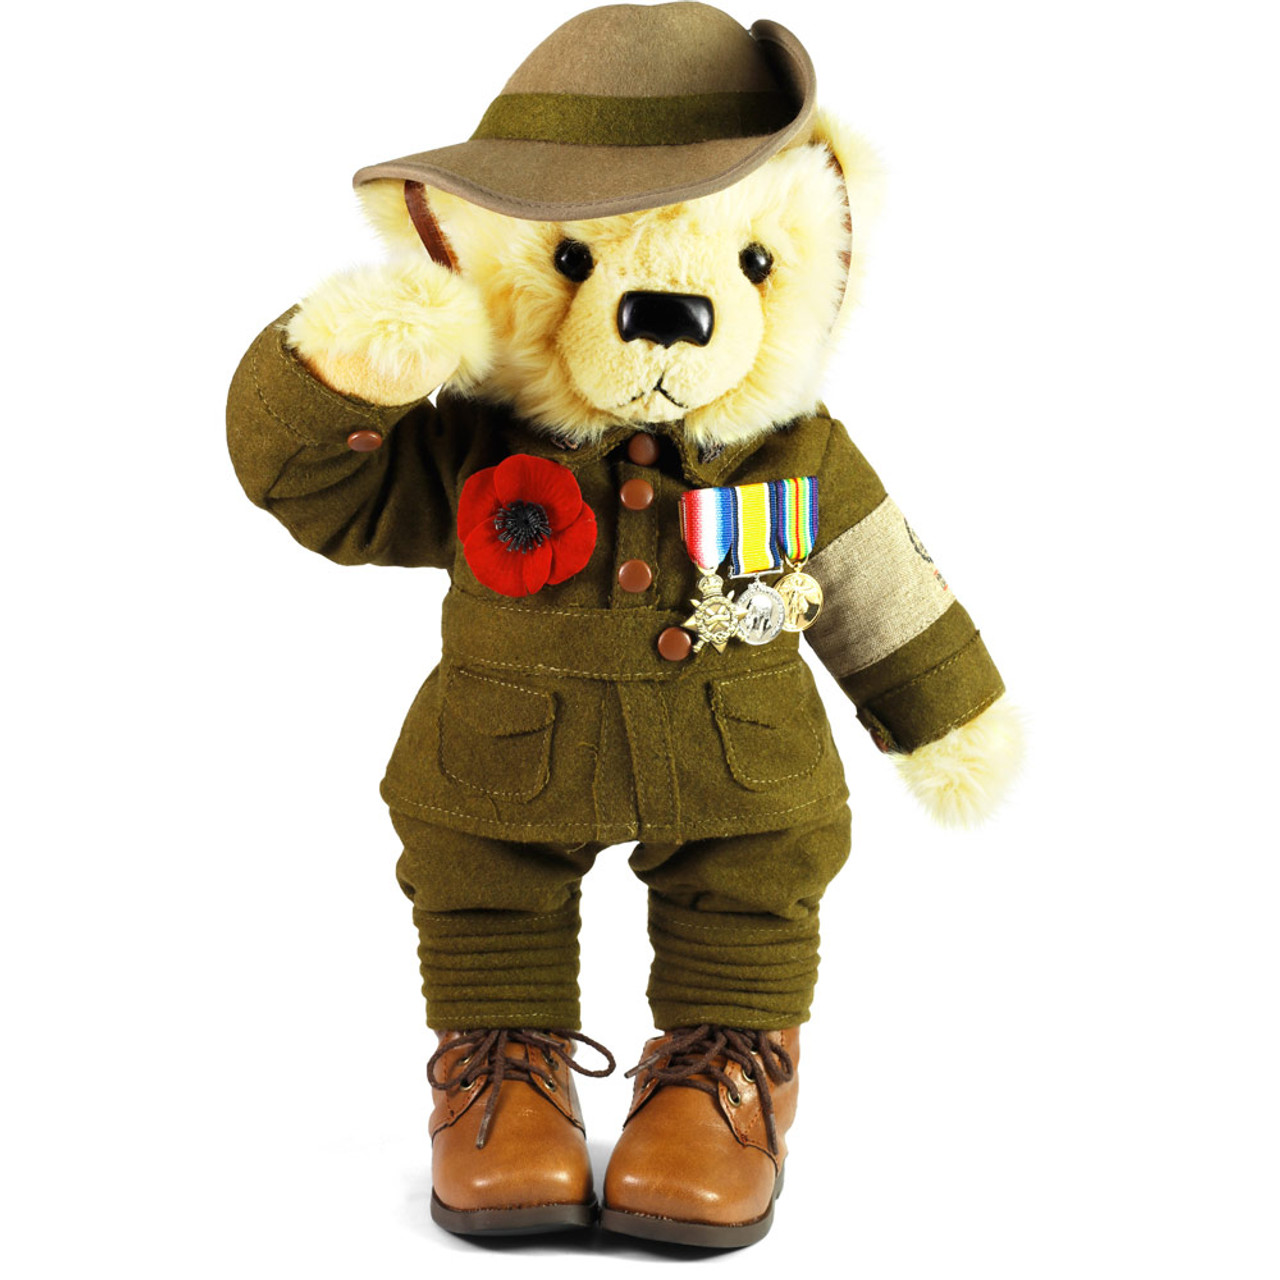 Armistice Centenary Ltd Edition Bear
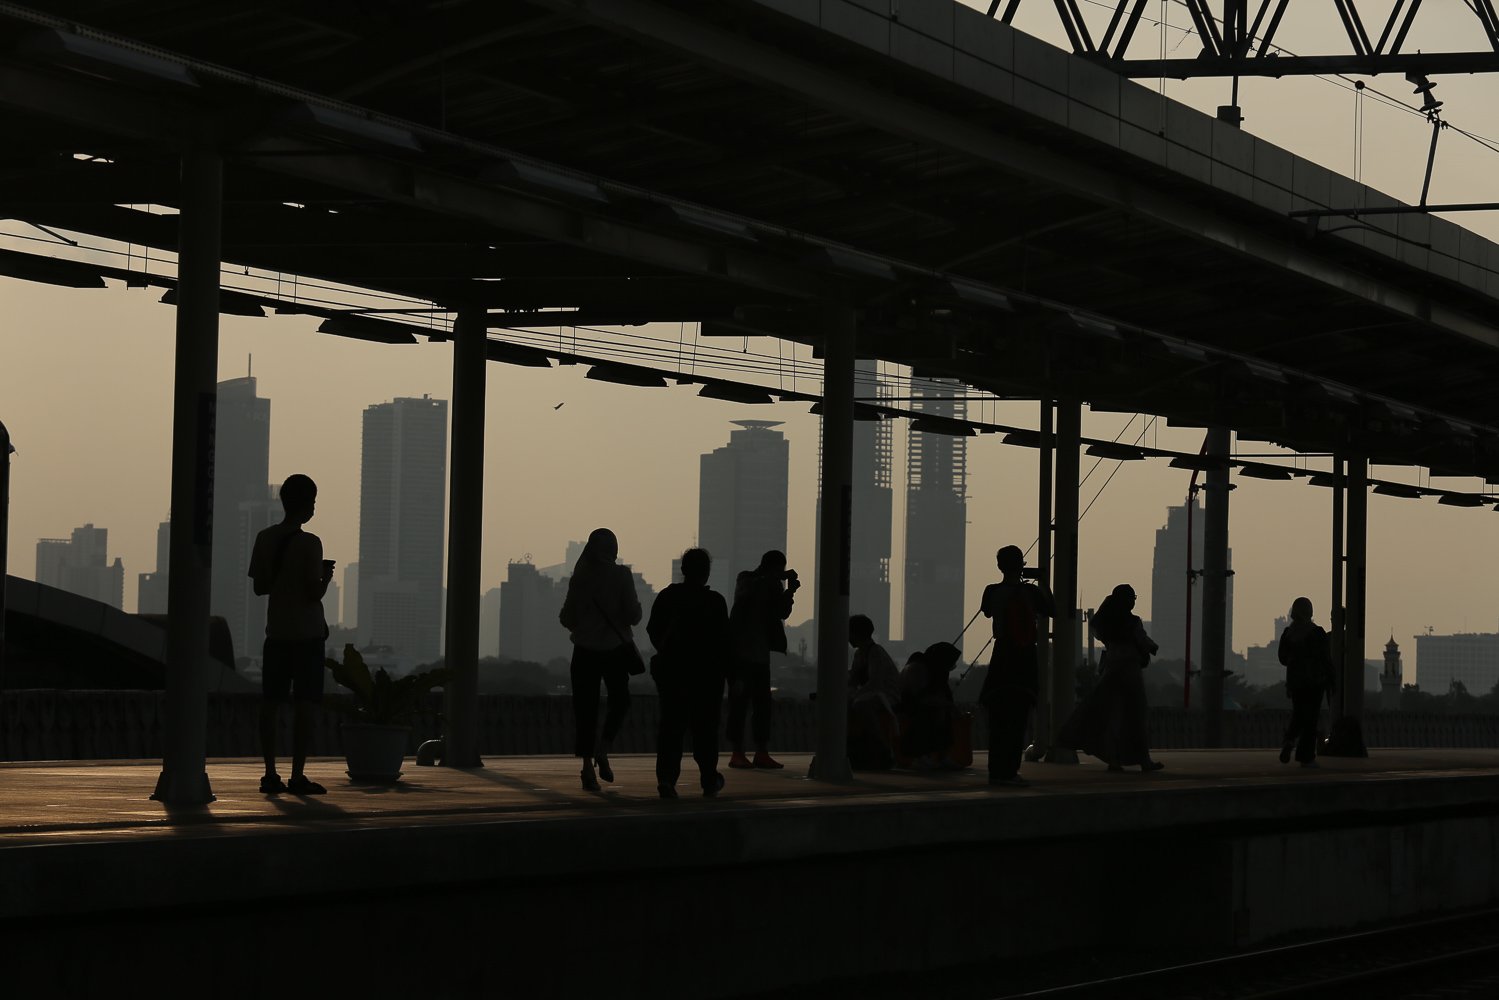 Calon penumpang menunggu kedatangan Kereta Rel Listrik (KRL) di Stasiun Manggarai, Jakarta (12/7). Badan Kependudukan dan Keluarga Berencana Nasional (BKKBN) mengatakan para dewan dari Perserikatan Bangsa-Bangsa (PBB) memprediksikan dunia akan memiliki 8 miliar penduduk pada bulan November 2022.
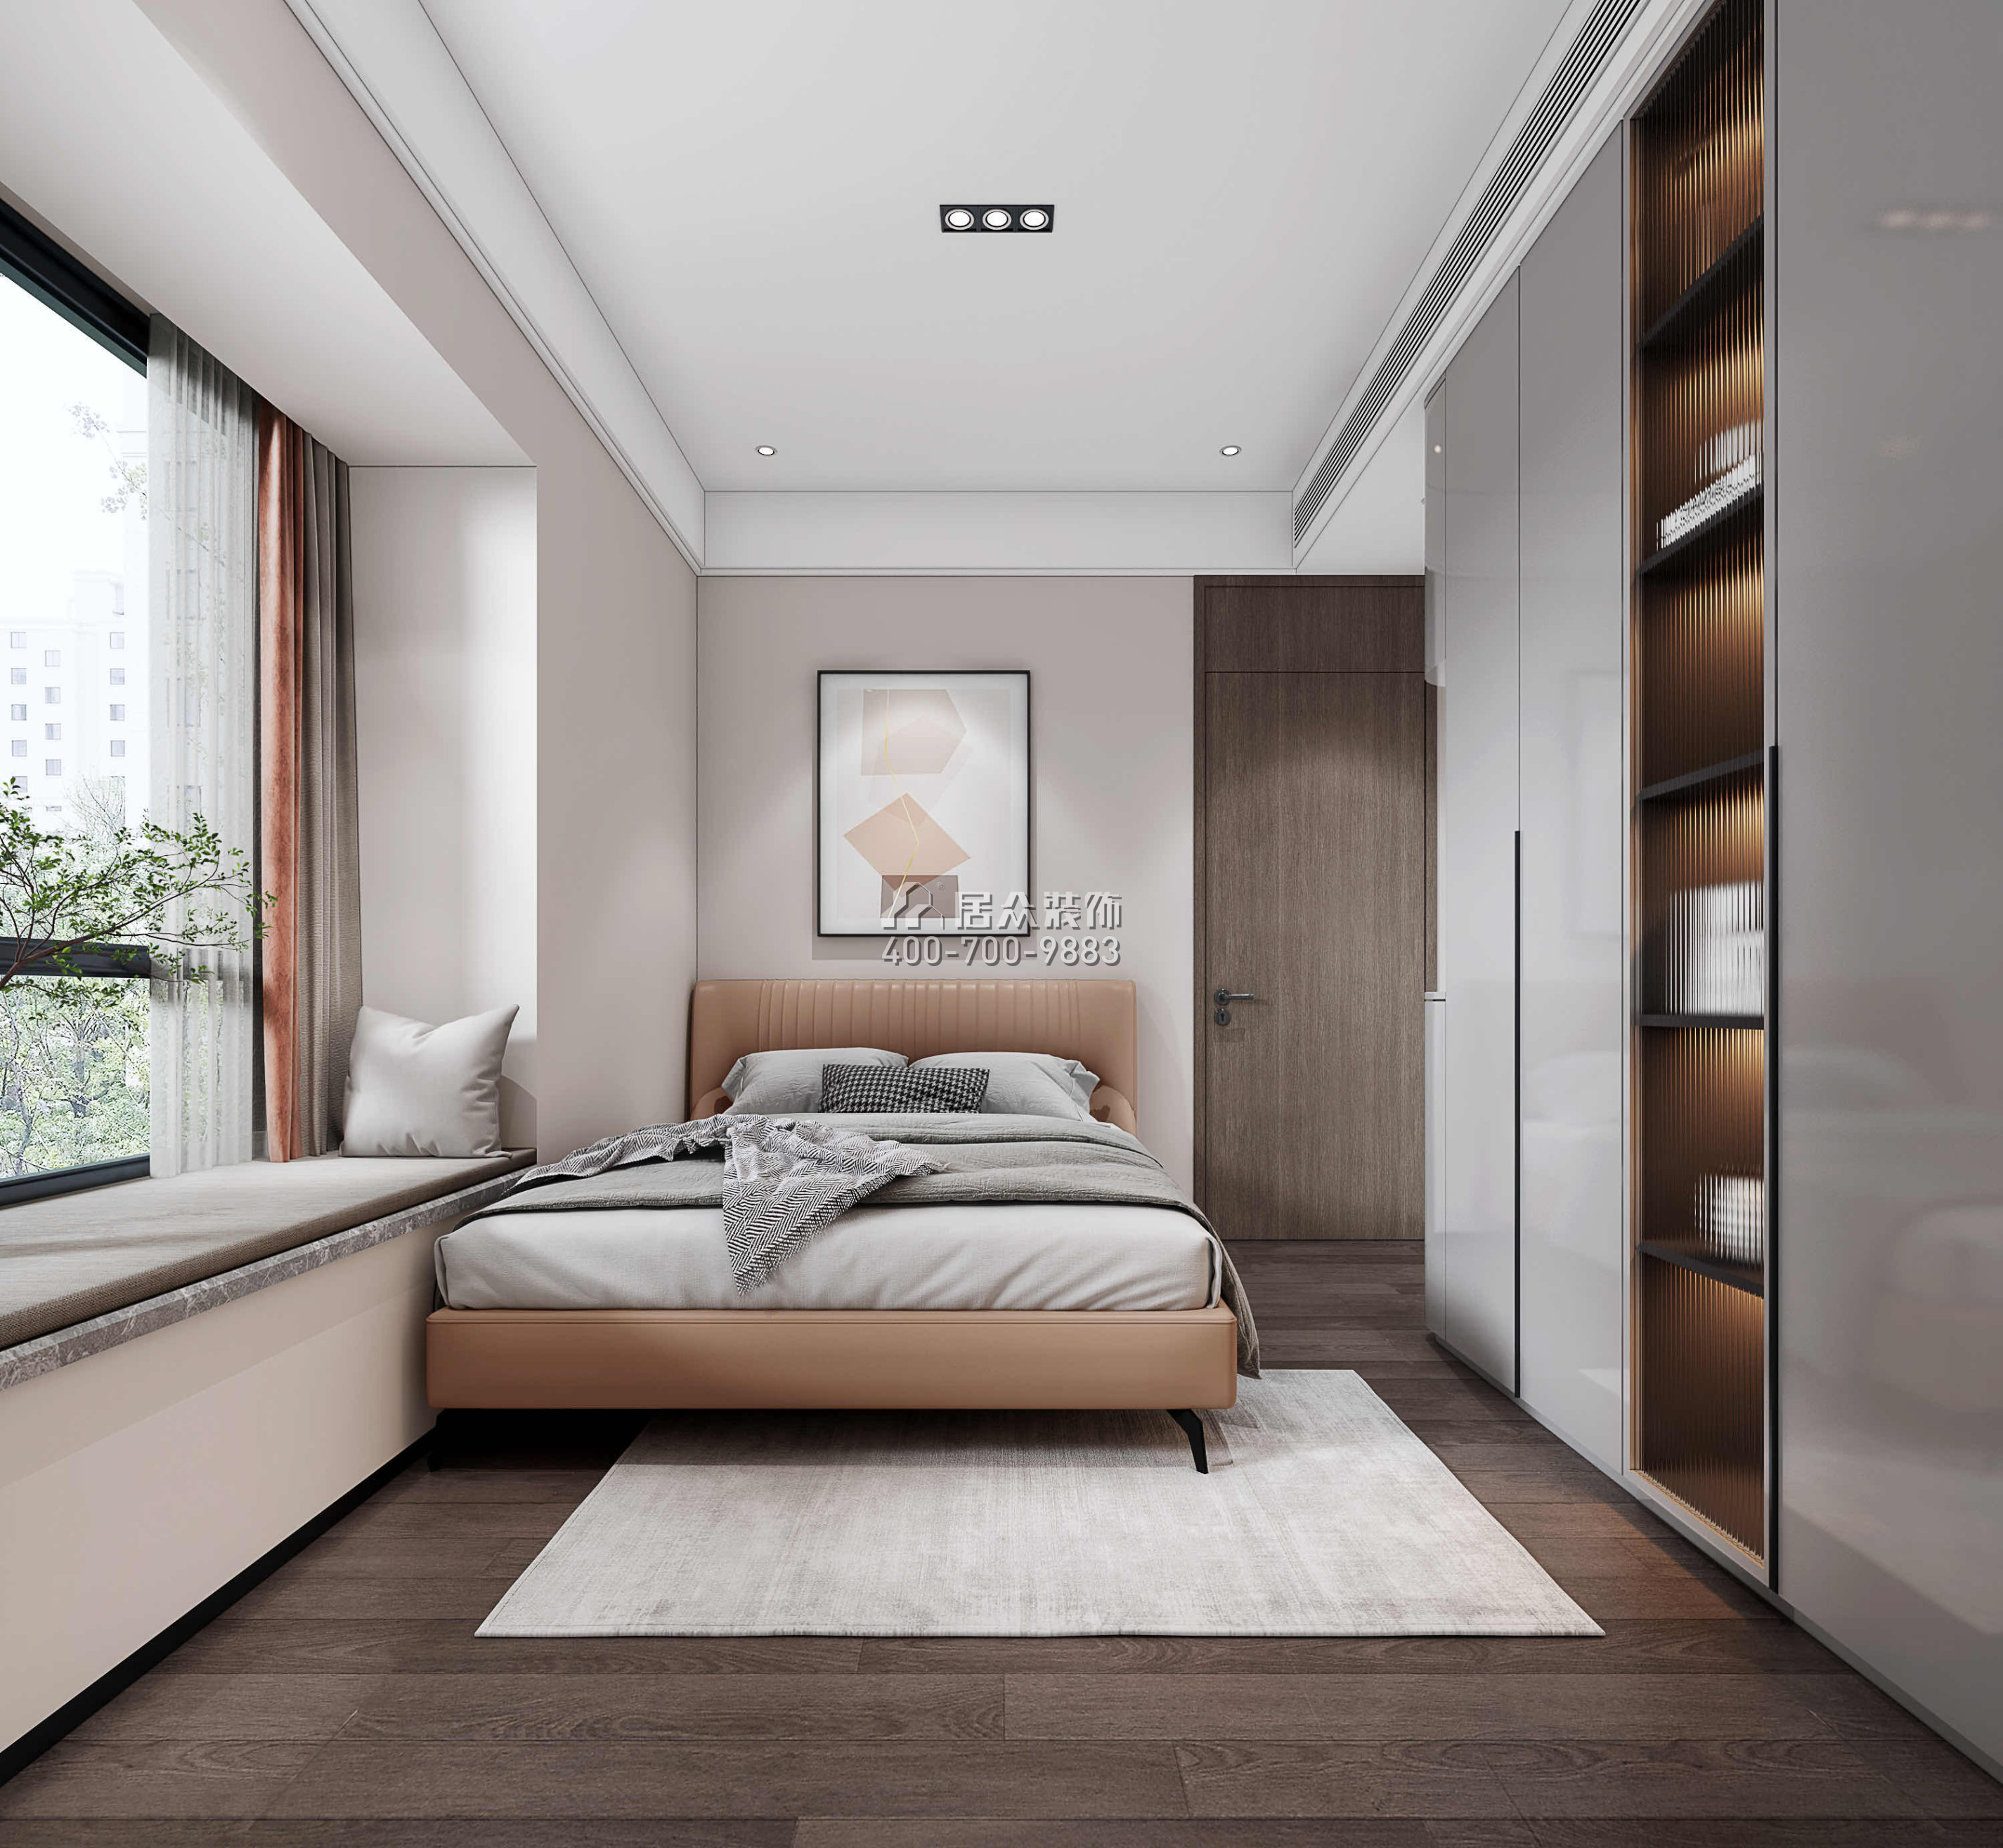 南海玫瑰园三期180平方米现代简约风格平层户型卧室装修效果图

———

▶ _Your assignment_
The job is to return the listing above exactly, minus its pictures.

▶ _Solved problem_
 Armistice Centenary Ltd Edition Bear
 Calon penumpang menunggu kedatangan Kereta Rel Listrik (KRL) di Stasiun Manggarai, Jakarta (12/7). Badan Kependudukan dan Keluarga Berencana Nasional (BKKBN) mengatakan para dewan dari Perserikatan Bangsa-Bangsa (PBB) memprediksikan dunia akan memiliki 8 miliar penduduk pada bulan November 2022.
 南海玫瑰园三期180平方米现代简约风格平层户型卧室装修效果图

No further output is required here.